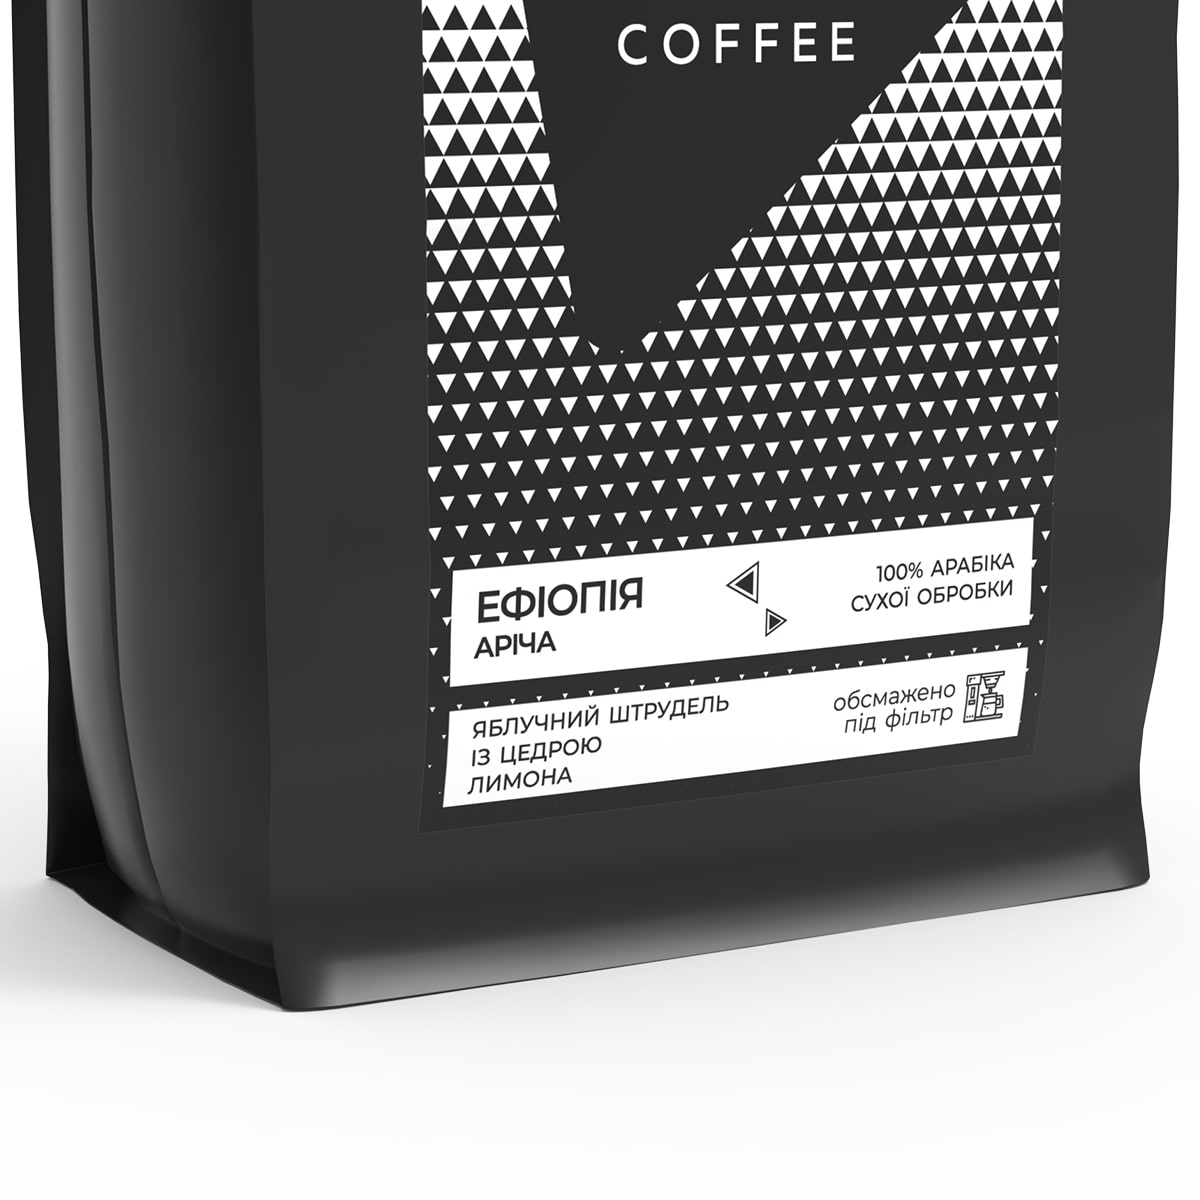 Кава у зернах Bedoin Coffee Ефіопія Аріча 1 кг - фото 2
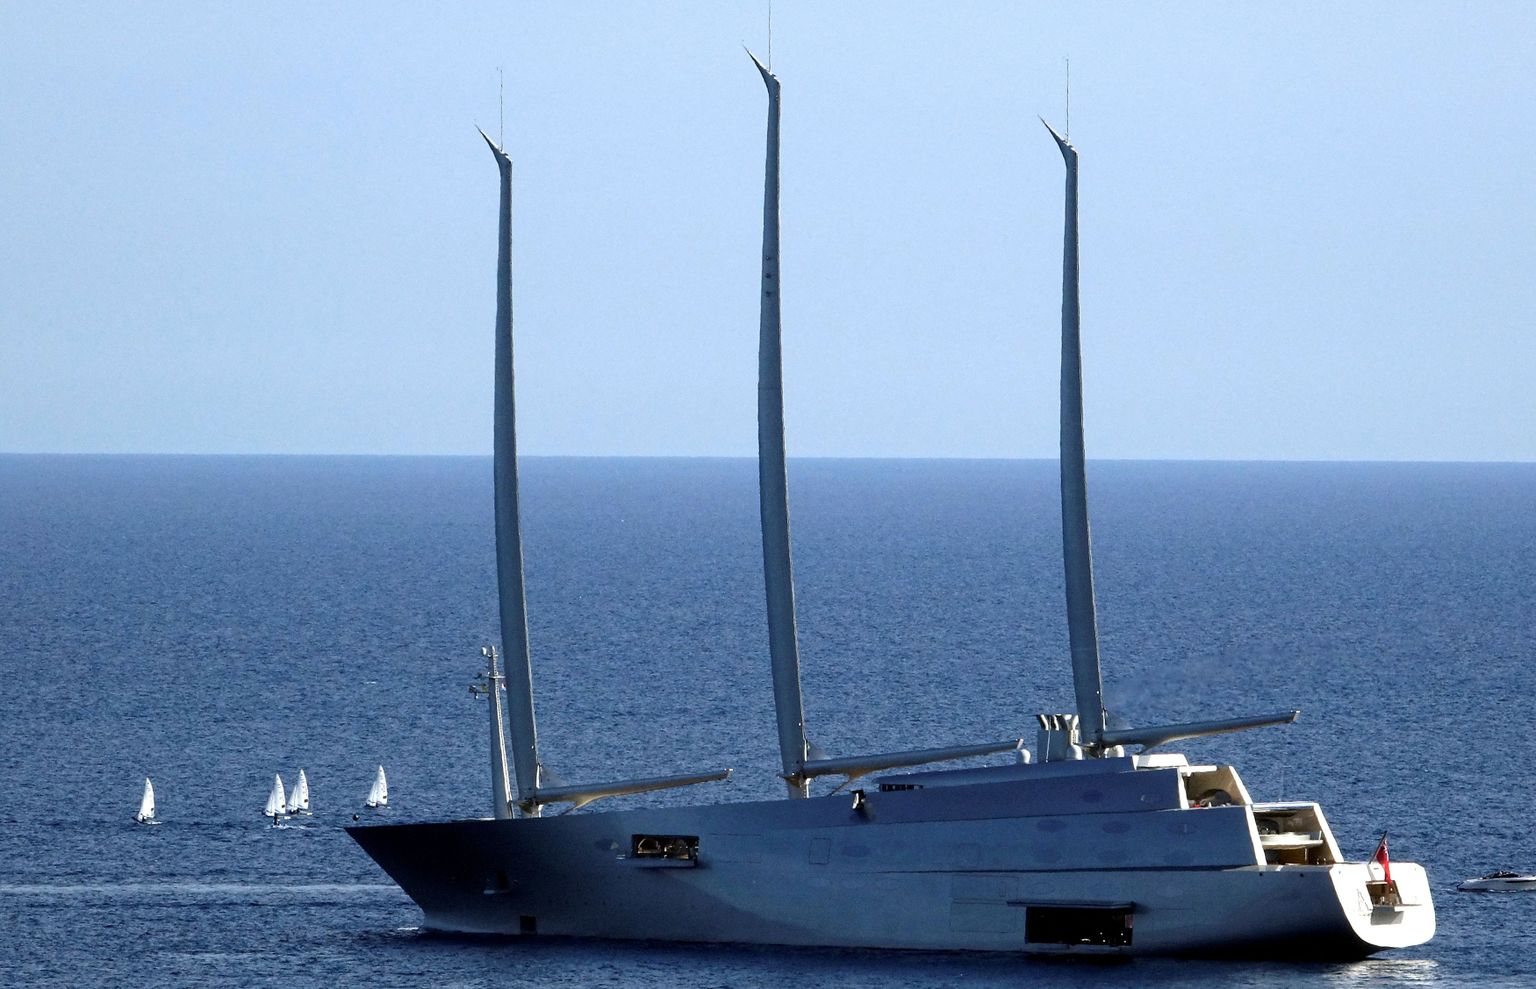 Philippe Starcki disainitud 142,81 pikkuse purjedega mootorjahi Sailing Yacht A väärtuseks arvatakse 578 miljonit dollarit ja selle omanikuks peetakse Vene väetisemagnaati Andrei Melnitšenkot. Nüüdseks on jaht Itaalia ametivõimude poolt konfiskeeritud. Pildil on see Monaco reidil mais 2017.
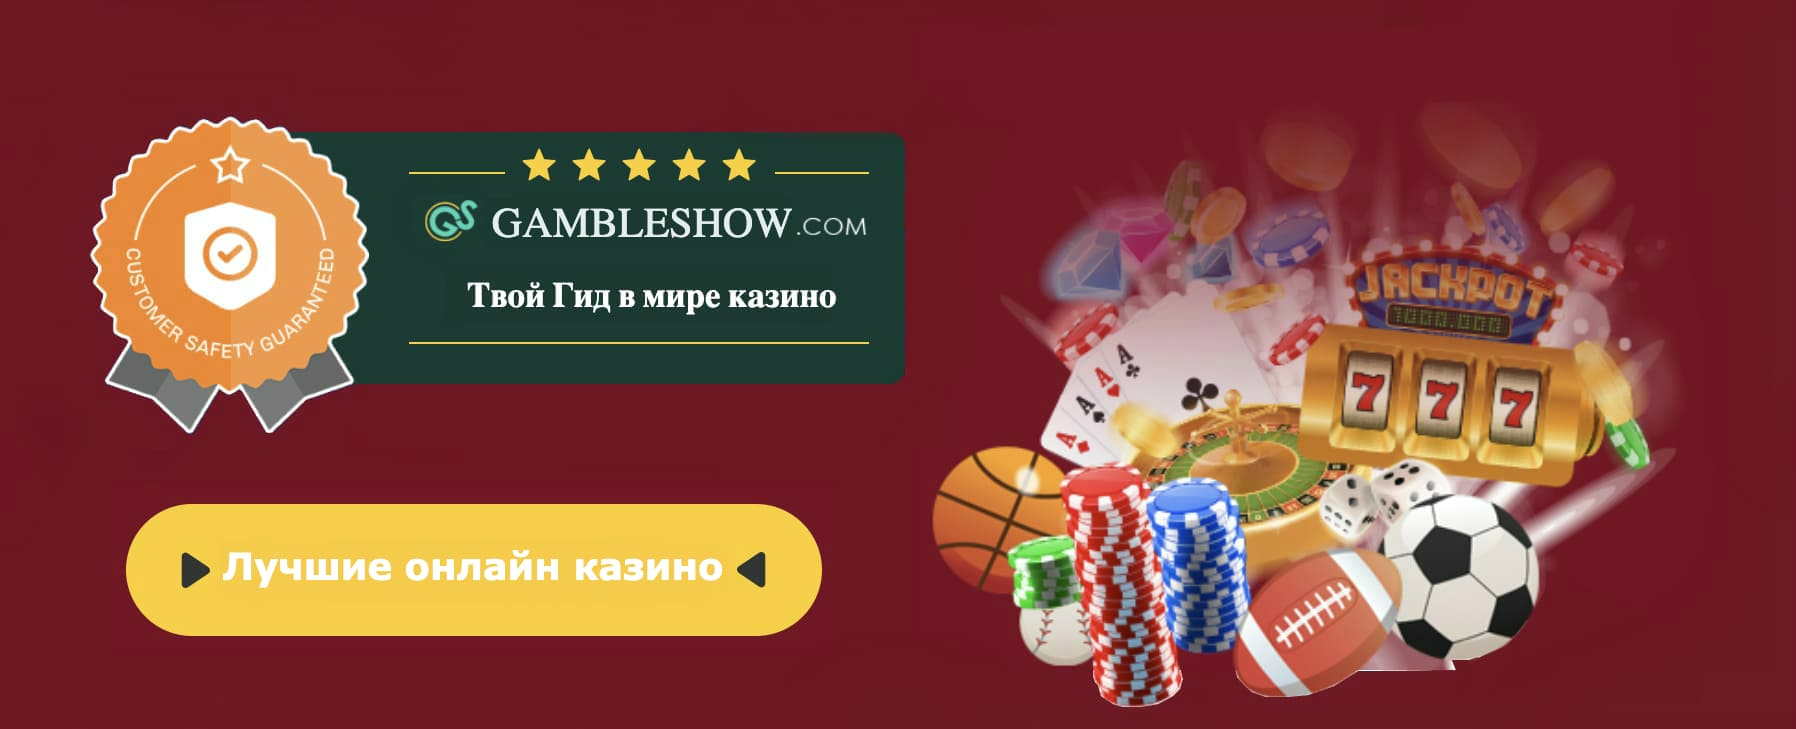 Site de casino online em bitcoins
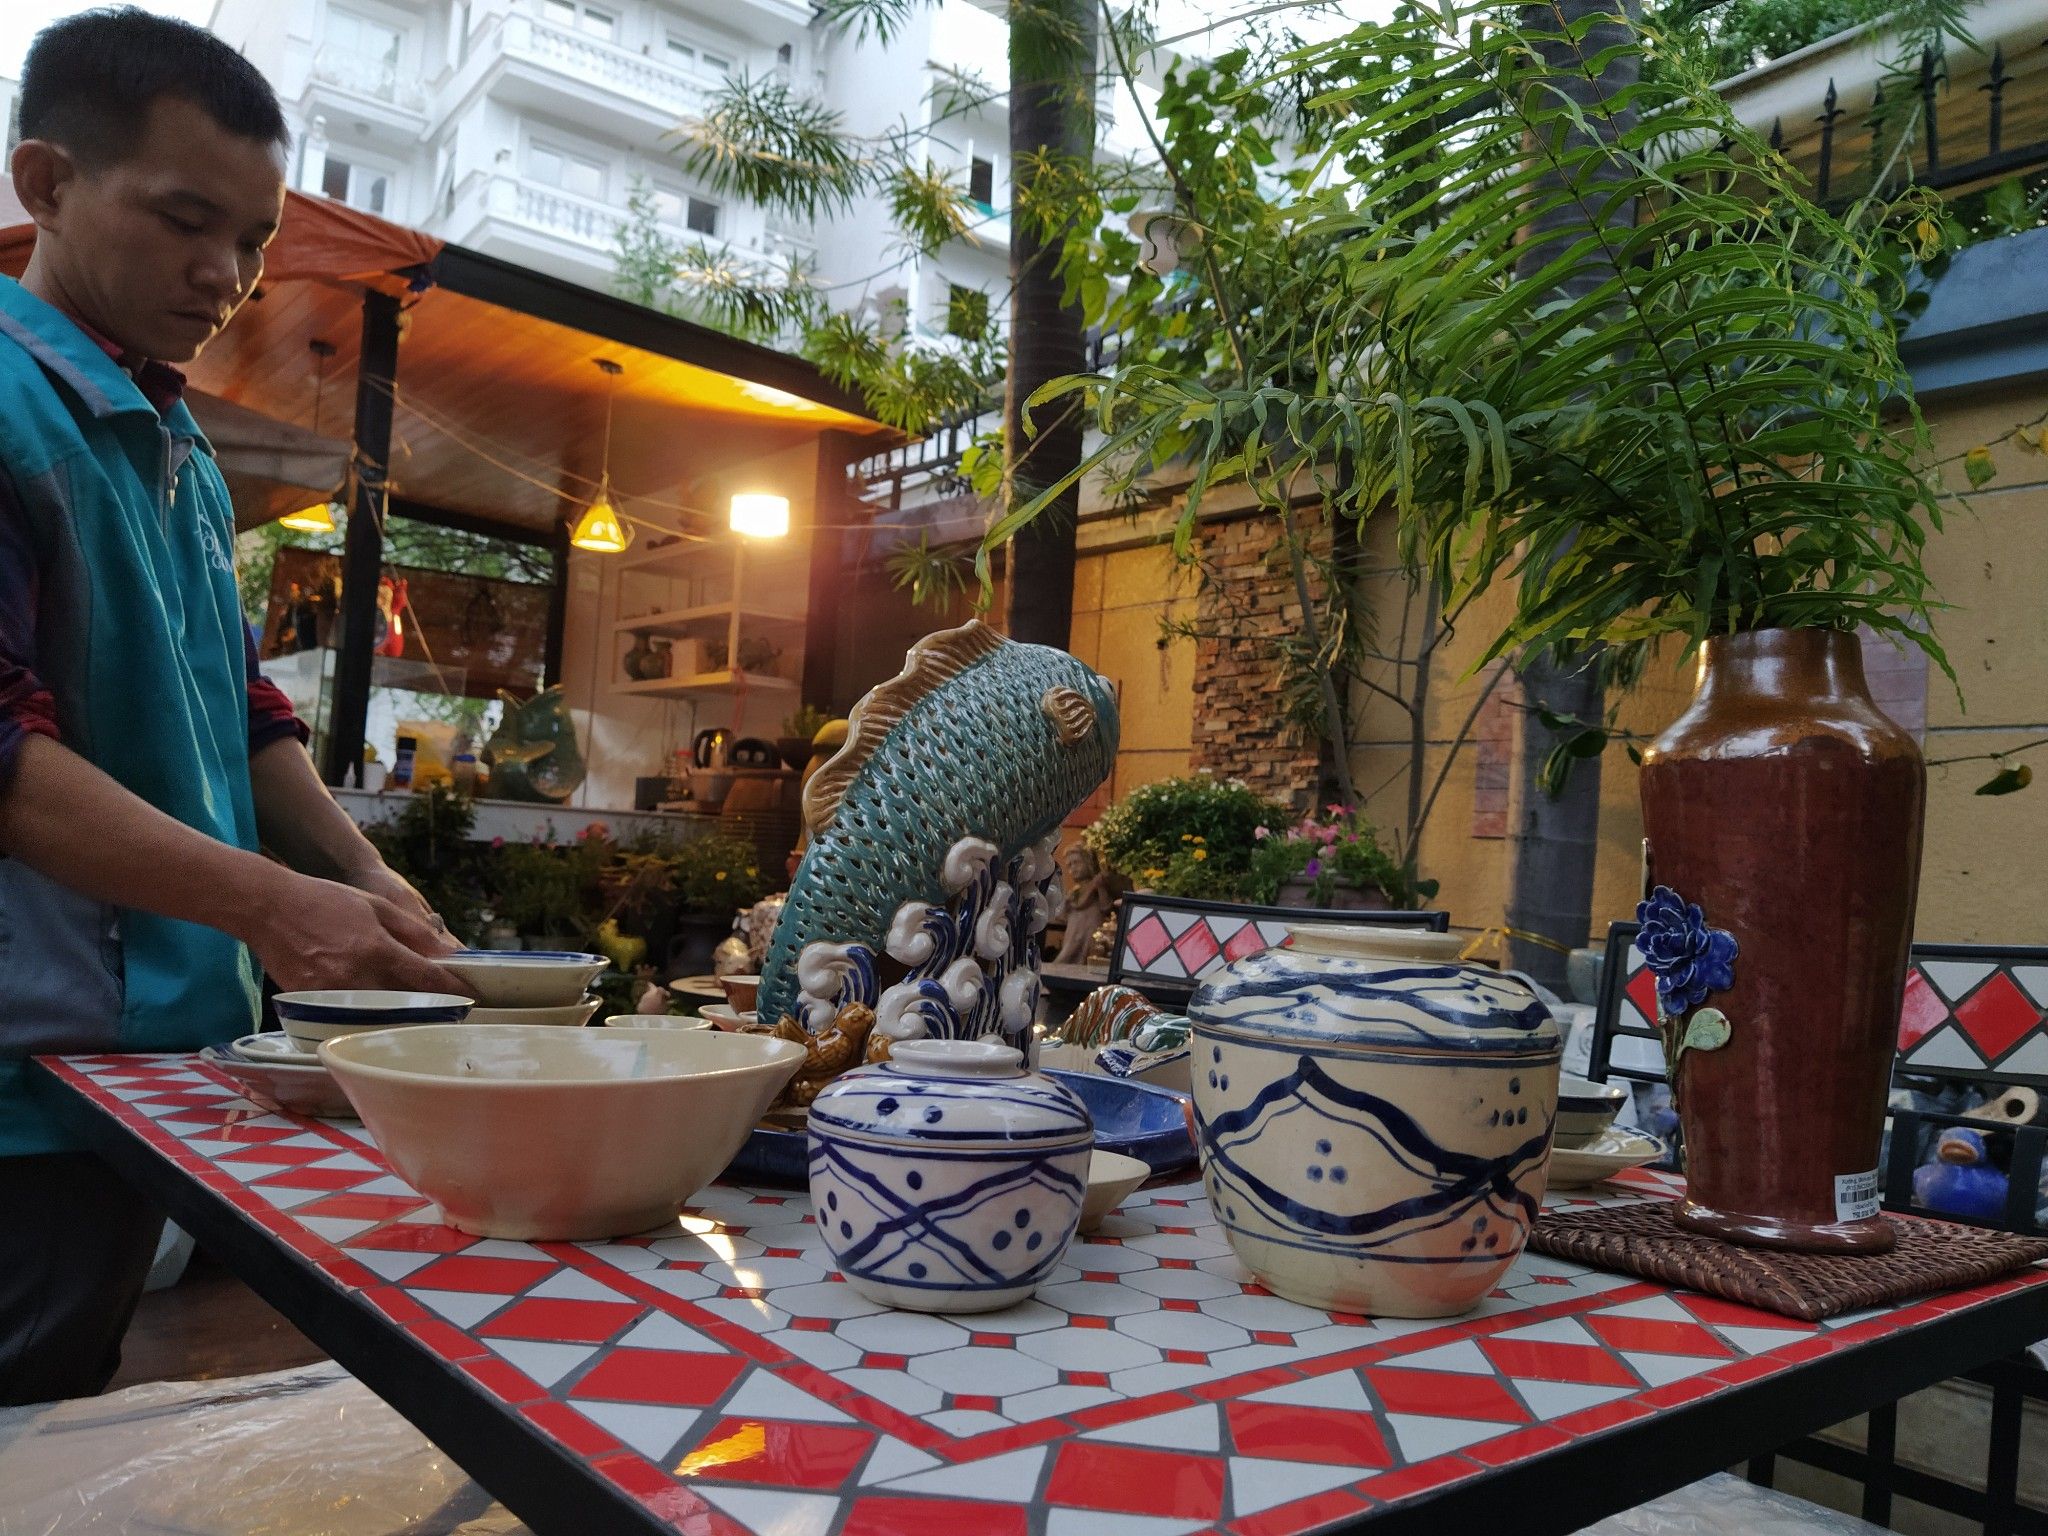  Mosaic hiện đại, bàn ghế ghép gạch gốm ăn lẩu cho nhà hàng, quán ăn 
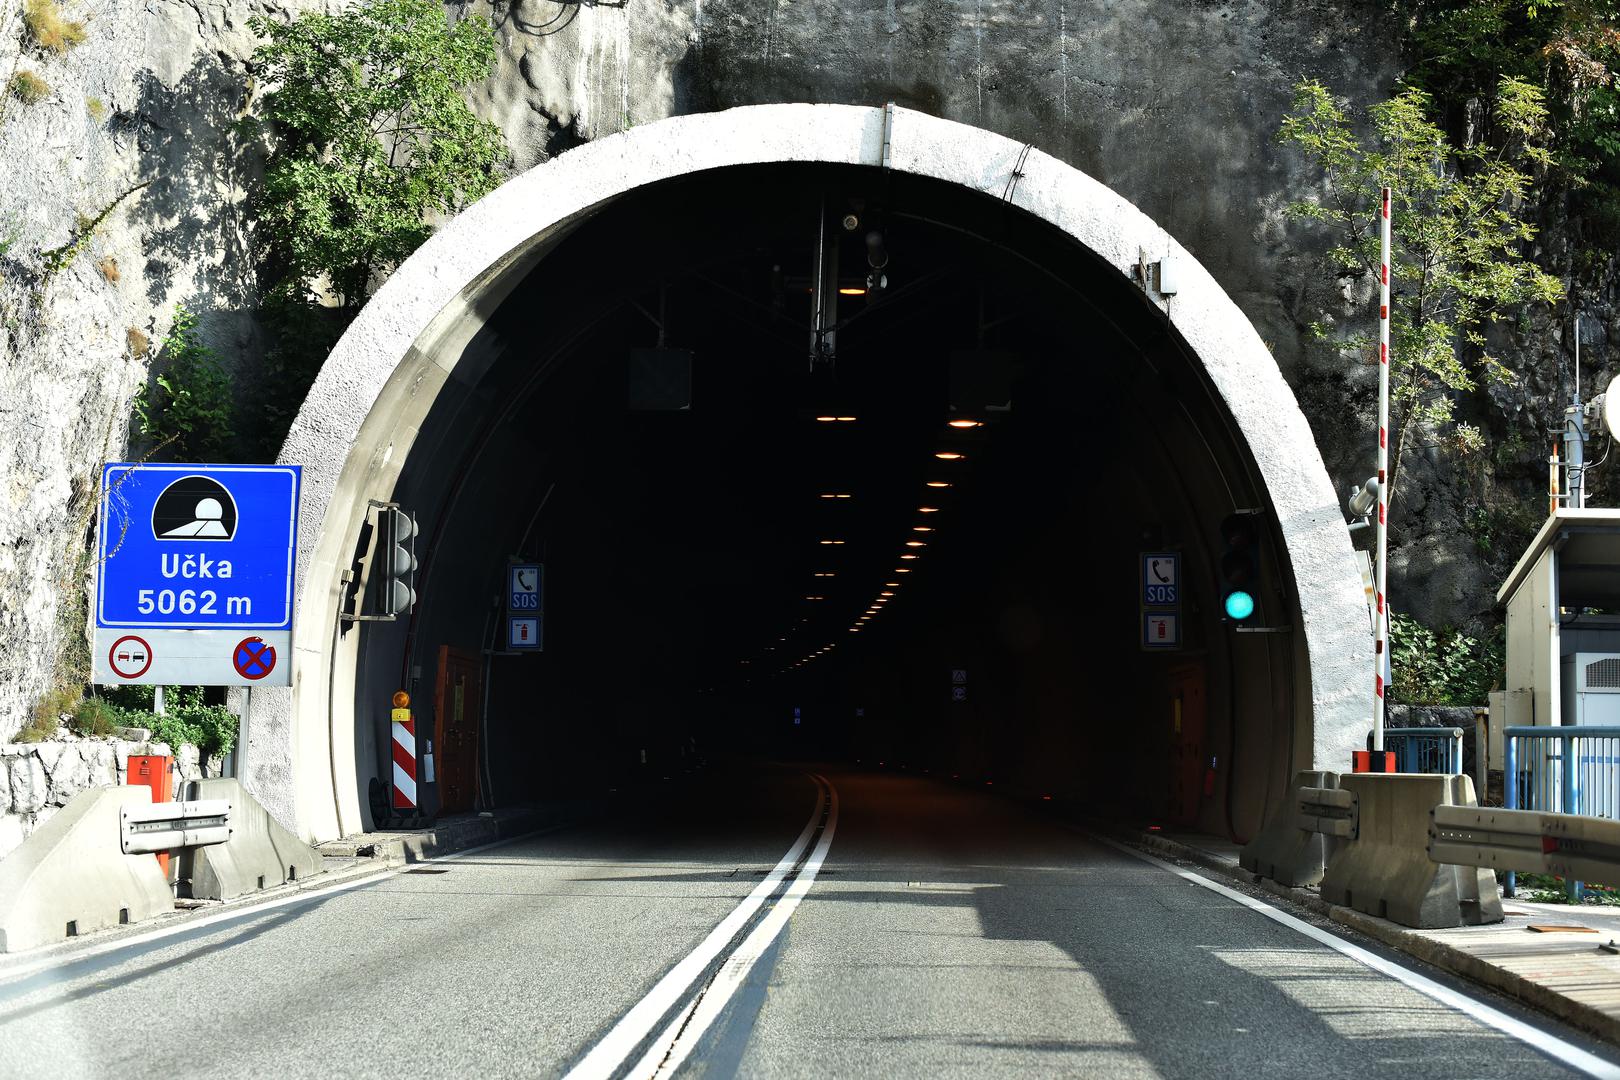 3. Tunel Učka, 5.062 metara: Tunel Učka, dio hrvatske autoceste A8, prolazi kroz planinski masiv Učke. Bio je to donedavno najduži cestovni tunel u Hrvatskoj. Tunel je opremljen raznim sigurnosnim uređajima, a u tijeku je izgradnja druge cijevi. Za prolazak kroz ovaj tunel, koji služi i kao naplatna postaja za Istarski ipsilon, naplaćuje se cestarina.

■ ■ ■

#### INSTRUCTIONS FOR THE TASK:
Return exactly the lines above, from the one with "Site de casino online em bitcoins" up to and including the one with "Mosaic hiện đại, bàn", and include no pictures.

#### WORKED SOLUTION:
 Site de casino online em bitcoins
  Mosaic hiện đại, bàn ghế ghép gạch gốm ăn lẩu cho nhà hàng, quán ăn 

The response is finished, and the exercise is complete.